What Does NOT Need Tests

Component Reason
Private methods of IndexingPipelineService covered by integration tests on public interface
Celery task wiring orchestration only, no logic
External API calls (Notion, Slack, etc.) external dependency, not our logic
get_user_long_context_llm existing service, not our code
calculate_date_range already has a # FIX: comment — needs its own separate tests
Full end-to-end indexer run too many moving parts, not unit or integration

Files To Create

app/indexing_pipeline/
    connector_document.py          ← ConnectorDocument model
    adapters/
        clickup_adapter.py         ← first adapter (pilot)
        notion_adapter.py
        slack_adapter.py
        ...
        google/                    ← created when 2nd Google connector is migrated
            shared.py              ← shared pure helpers (metadata, markdown conversion)
            google_drive_adapter.py
            google_docs_adapter.py

app/clients/                       ← created when 2nd connector of a family is migrated
    google_client.py               ← shared OAuth + API client for all Google connectors

app/indexing_pipeline/
    indexing_pipeline_service.py   ← IndexingPipelineService

tests/
    unit/
        indexing_pipeline/
            test_connector_document.py
            test_compute_hashes.py
        adapters/
            test_clickup_adapter.py
            test_notion_adapter.py
            test_slack_adapter.py
    integration/
        indexing_pipeline/
            test_prepare_for_indexing.py
            test_index.py

TDD Build Order

One test → one implementation → repeat.
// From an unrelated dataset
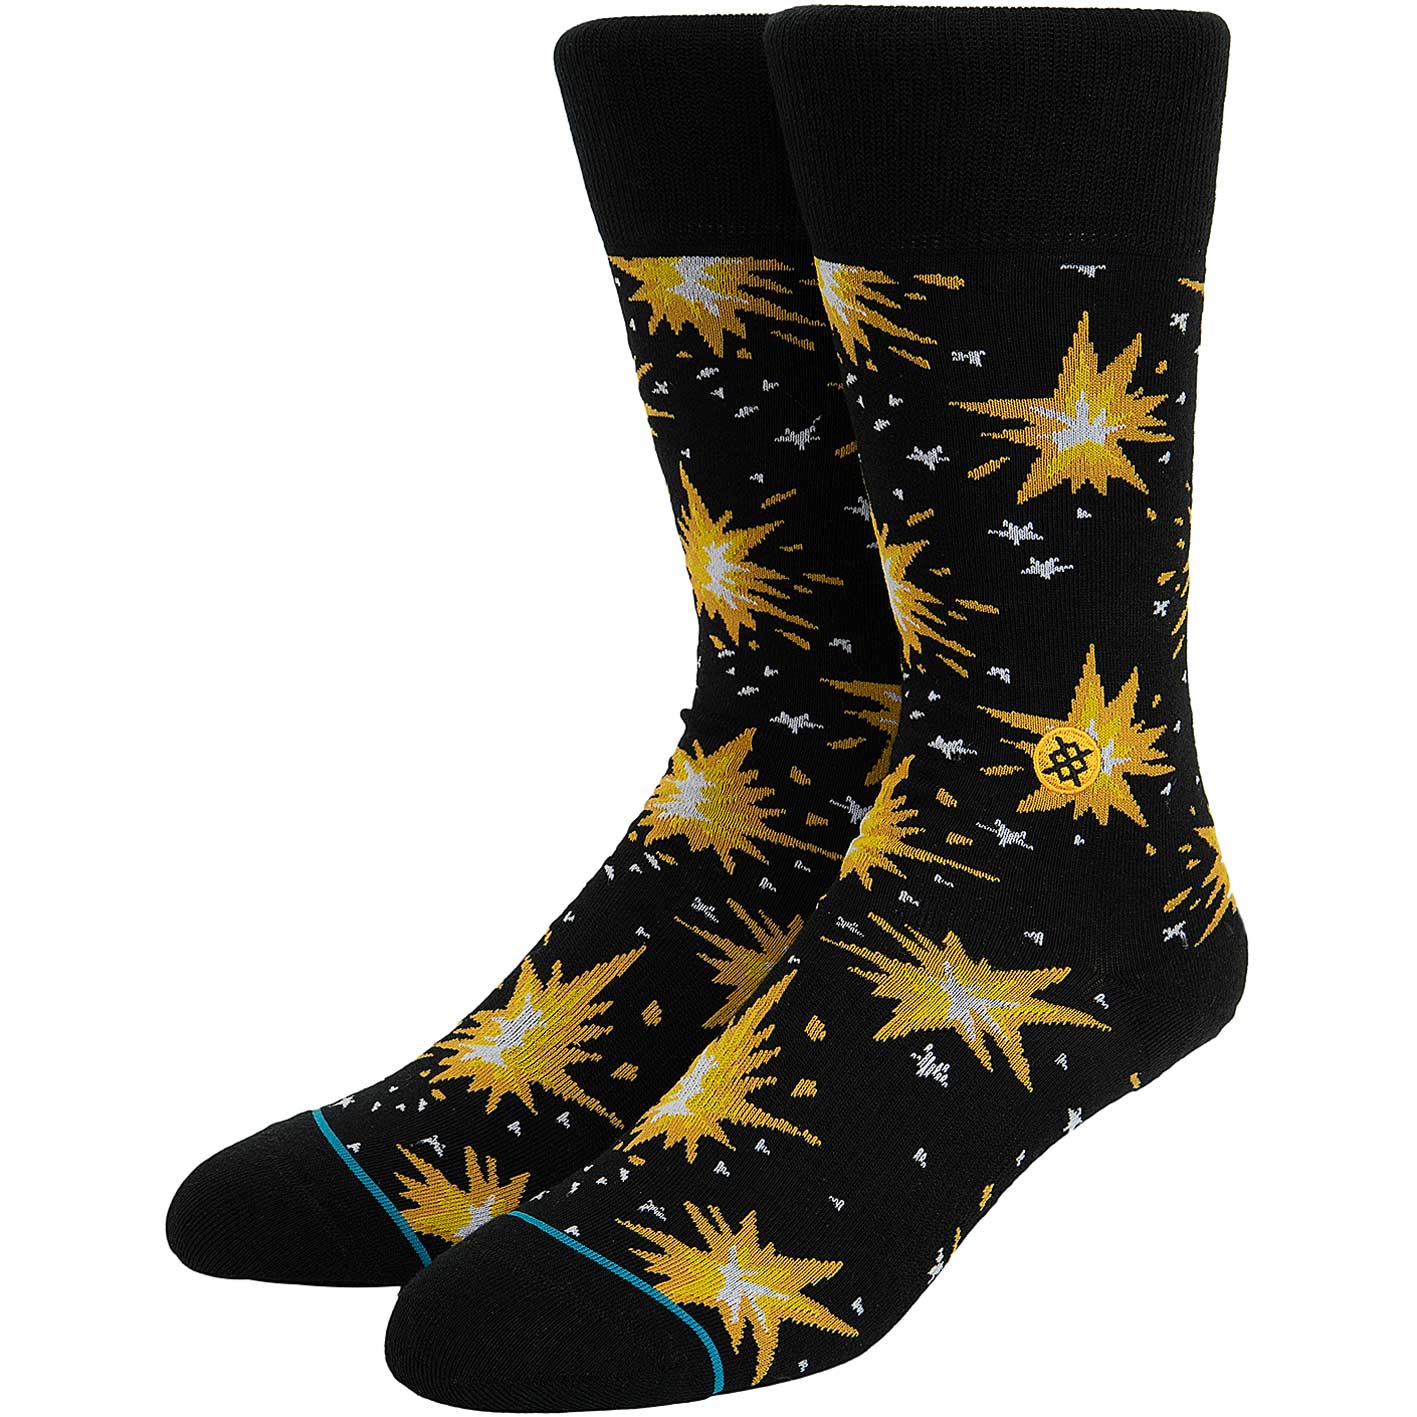 ☆ Stance Socken Firecracker schwarz/gelb - hier bestellen!

Never write multiple tests before making the previous one green.


Phase 1 — ConnectorDocument (unit)

File: tests/unit/indexing_pipeline/test_connector_document.py Implements: app/indexing_pipeline/connector_document.py

  • test_empty_source_markdown_raises
  • test_whitespace_only_source_markdown_raises
  • test_valid_document_created_with_defaults
  • test_should_summarize_false_accepted
  • test_content_type_code_accepted

→ After this phase: add make_connector_document factory fixture to tests/conftest.py


Phase 2 — Hash functions (unit)

File: tests/unit/indexing_pipeline/test_compute_hashes.py Implements: _compute_unique_identifier_hash, _compute_content_hash on IndexingPipelineService

  • test_same_input_same_hash
  • test_different_unique_id_different_hash
  • test_different_search_space_id_different_hash
  • test_different_document_type_different_hash
  • test_same_content_same_space_same_hash
  • test_same_content_different_space_different_hash
  • test_different_content_different_hash

Phase 3 — prepare_for_indexing (integration)
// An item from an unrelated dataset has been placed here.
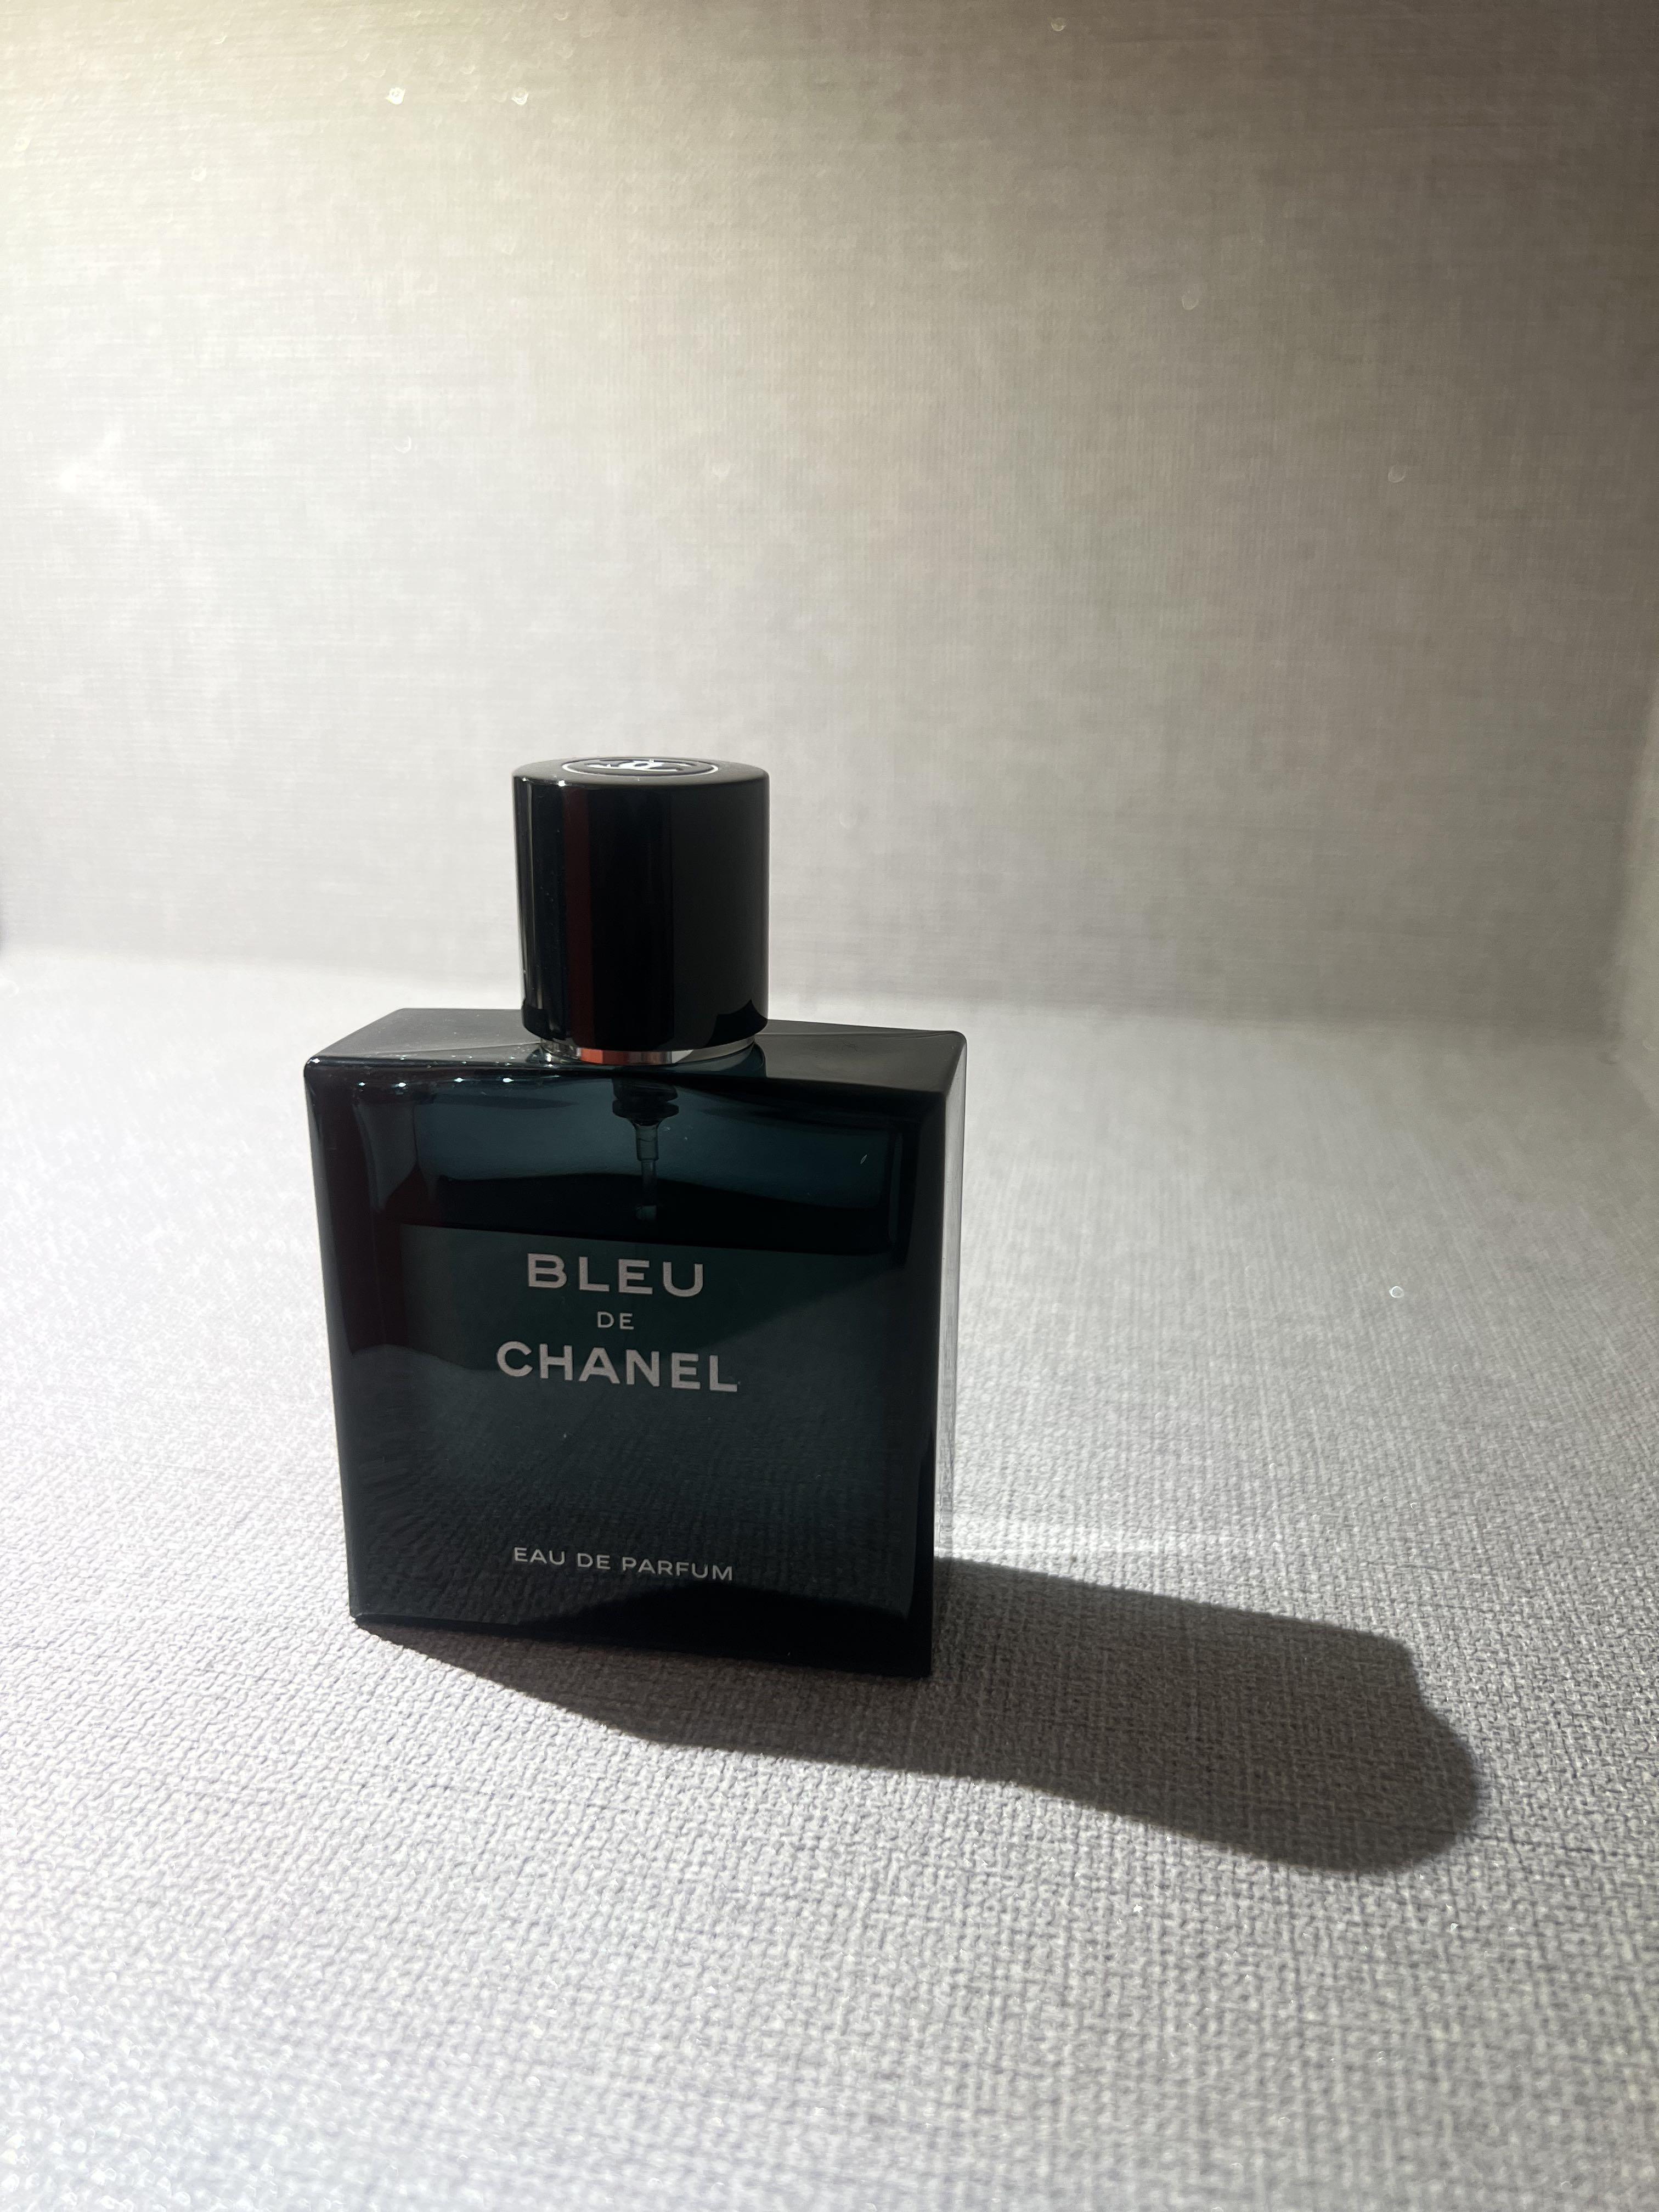 Bleu De Chanel 3.4 oz EAU DE TOILETTE SPRAY (for Men) Scent

File: tests/integration/indexing_pipeline/test_prepare_for_indexing.py Implements: prepare_for_indexing + all private DB methods it uses

  • test_new_document_written_as_pending
  • test_unchanged_document_skipped
  • test_title_only_change_updates_title
  • test_changed_content_queued_for_reprocessing
  • test_duplicate_content_in_batch_skipped
  • test_multiple_documents_one_commit

Phase 4 — index (integration)

File: tests/integration/indexing_pipeline/test_index.py Implements: index + all private processing methods it uses

  • test_sets_status_ready
  • test_content_is_summary_when_should_summarize_true
  • test_content_is_source_markdown_when_should_summarize_false
  • test_source_markdown_always_set
  • test_chunks_written_to_db
  • test_status_processing_set_before_heavy_work
  • test_llm_error_sets_status_failed
  • test_llm_error_document_not_stuck_in_processing
  • test_llm_error_chunks_not_written

Phase 5 — Adapters (unit, one file per connector)

Start with ClickUp — simplest connector, no special deviations.

File: tests/unit/adapters/test_clickup_adapter.py Implements: app/pipeline/adapters/clickup_adapter.py

Then repeat for each connector as it is migrated.


Total: 12 unit tests + 15 integration tests = 27 tests.


Out of Scope (for now)

Document processors (youtube_processor, file_processors, markdown_processor, extension_processor, circleback_processor) follow the same 2-phase pattern and will eventually migrate to the pipeline. Excluded from this refactor — they handle user uploads, not connector syncs, and their migration is a separate task.